Mis acompañantes miran apasionados desde los ventanales del vagón el paisaje de primera hora de una mañana soleada que promete ser calurosa. No conocen lógicamente el recorrido. Es su primer viaje más allá de Málaga. Cultivadas como son hacen elogiosos comentarios históricos cuando el tren pasa por Córdoba y luego se adentra por la llanura manchega, la tierra de Don Quijote, exclama Freddy con un punto de suficiencia. Él ha leído la novela cervantina, a diferencia de sus colegas aun cuando son conocedores de la obra cumbre de la literatura hispana.
Al llegar a Madrid nos espera en el andén mi amigo Horacio y un miembro que él me presenta como uno de los integrantes del llamado Mando Único. El título me suena a la pandemia. ¡Cuánta burocracia para organizar un espectáculo en Las Ventas!, pienso. Horacio me explica que en ese órgano hay un representante de la familia real, tres de los partidos que han confeccionado el cartel, así como otros de los agentes sociales. «No se te ha escapado nada», le digo mientras me entrega un dossier con el programa minutado de nuestra estancia en la ciudad. «¿Sólo uno? ¿Y para ellas, que son las verdaderas protagonistas?», le pregunto con malicia. Se queda un tanto desconcertado: «Ah, bueno. No sé. Haremos ahora copias tan pronto lleguemos al hotel». Creo que ni él ni nadie entienden bien la presencia y la importancia de los tres roedores. Los consideran unos simples animales que participarán en un acto circense, domados por tres toreros humanos. En realidad dos toreros y una torera. Sin embargo, sin ellos no tiene ninguna importancia el evento.

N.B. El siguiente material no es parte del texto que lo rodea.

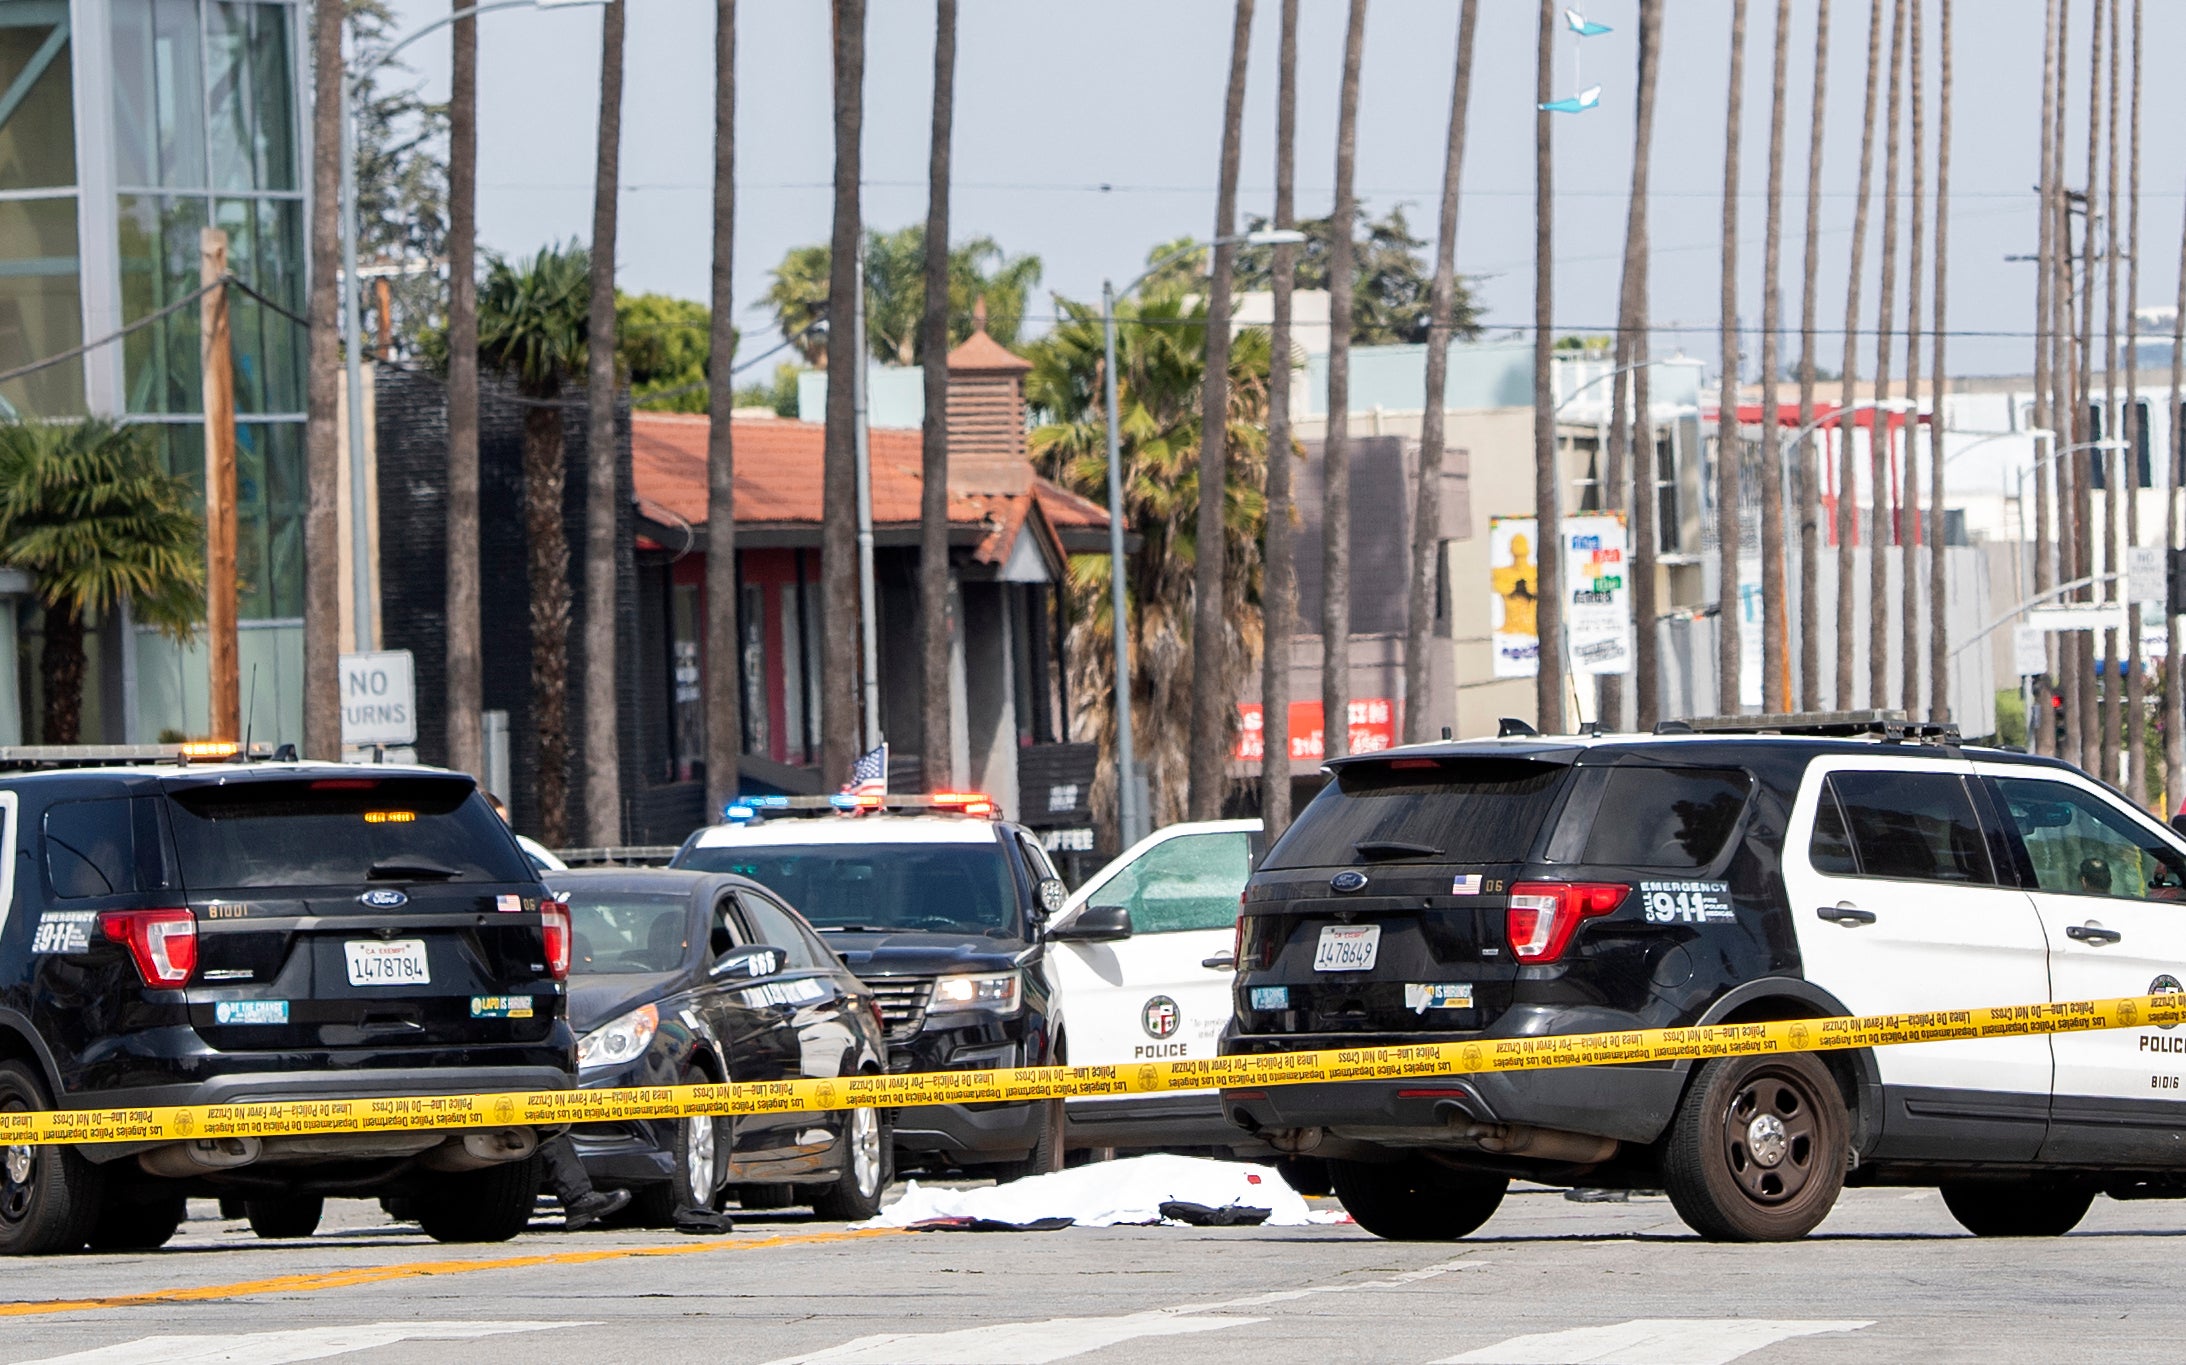 A body covered in a white sheet lies next to a black vehicle covered with stickers and a shattered driver side window, as police cars block traffic at the corner of Fairfax Avenue and Sunset Boulevard in Los Angeles on April 24, 2021 in what appears to be an officer-involved shooting.
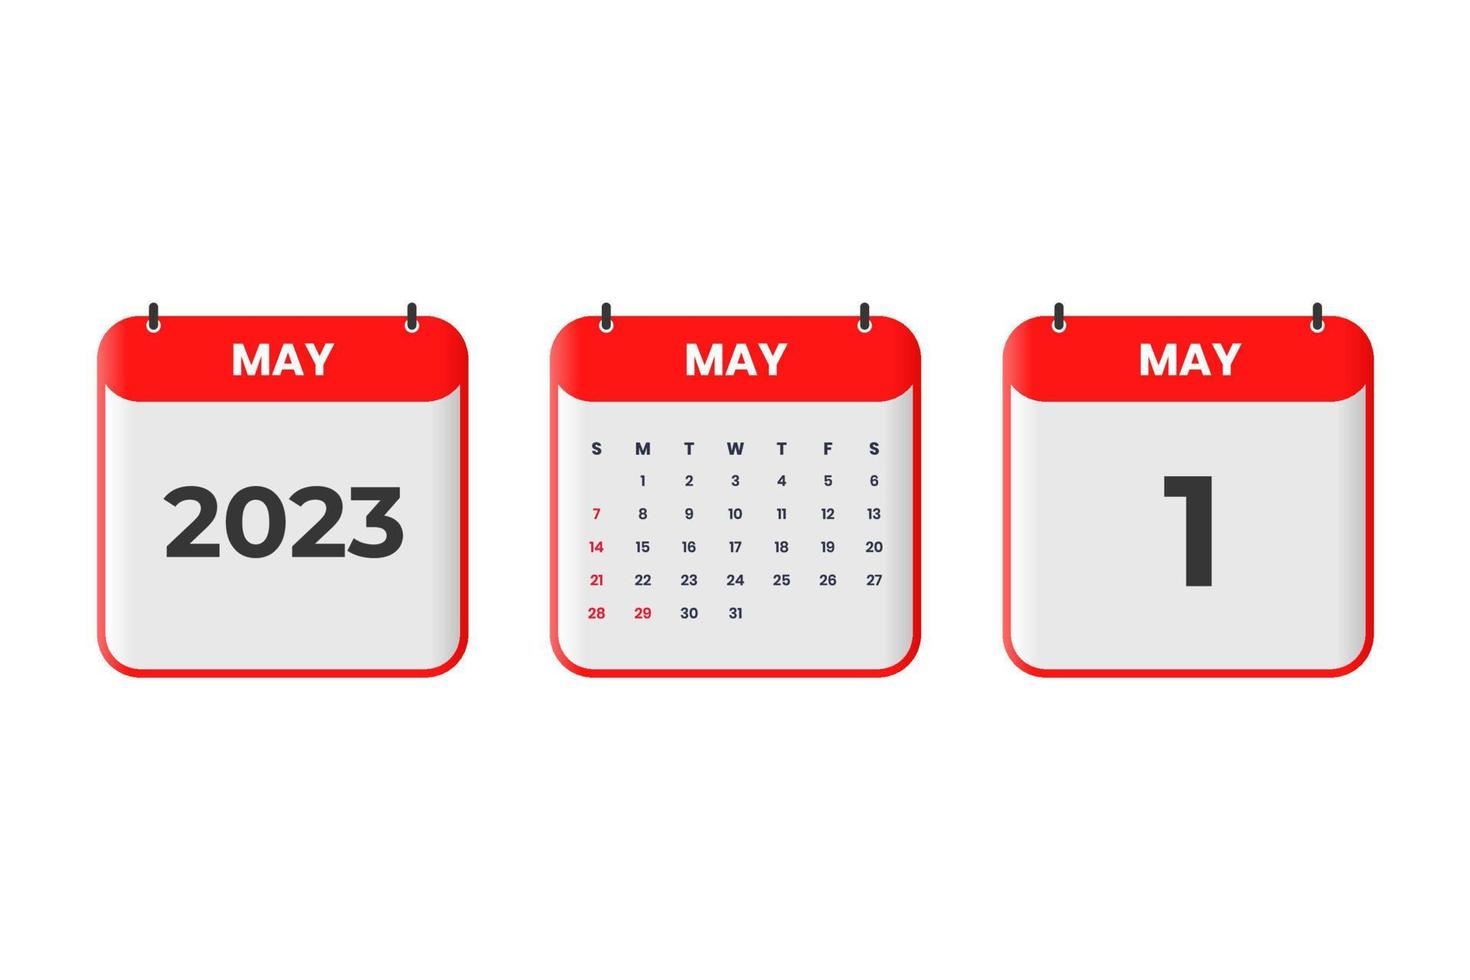 May 2023 calendar design. 1st May 2023 calendar icon for schedule, appointment, important date concept vector

En el vestíbulo del Wellington, al arranque de la calle Velázquez y a dos pasos del Parque del Retiro, nos aguardan en el vestíbulo el director, personal de servicio y mas miembros del Mando Único. ¡Vaya lata!, me digo evitando que me escuchen. Mis inquilinas, que en todo momento se han mostrado educadas y desenvueltas, no pierden detalle. Escuchan y miran a los labios a Horacio. Éste nos ruega que una vez dejemos el equipaje en las dos suites donde nos alojamos bajemos de nuevo para reunirnos por separado con cada uno de los diestros: Monaguillo, en representación del PSOE y Moncloa; Isa, presidenta de la Comunidad de Madrid, acompañada del líder del PP, y por último Reconquisto, máximo dirigente de Vox. Las ratas me soplan al oído si podrán visitar El Prado. «Me temo que no. Todos los museos están aún cerrados por el coronavirus», me dice apesadumbrado el periodista. «No creo necesario que ellas asistan a las reuniones», manifiesta el periodista. «Estimado señor, se equivoca. Nosotras tres consideramos que sí que es necesario y que en consecuencia vamos a asistir», interviene con tono cortante Freddy. No puedo controlar una sonrisa maliciosa. En el fondo, me digo, este trepa de Horacio piensa que la gente quiere ver un espectáculo como el del Bombero Torero y sus enanos. Y esto no es exactamente así.
Suenan un par de golpes suaves en la puerta de mi dormitorio malagueño. Es la asistenta, que amablemente me pregunta si me voy a levantar para limpiar el cuarto. «Hace un día precioso. Debería salir para que le dé un poco el aire. Parece el hijo de Drácula», afirma. Y tiene toda la razón. Me ducho, me despejo un poco y salgo a caminar por el Paseo Marítimo.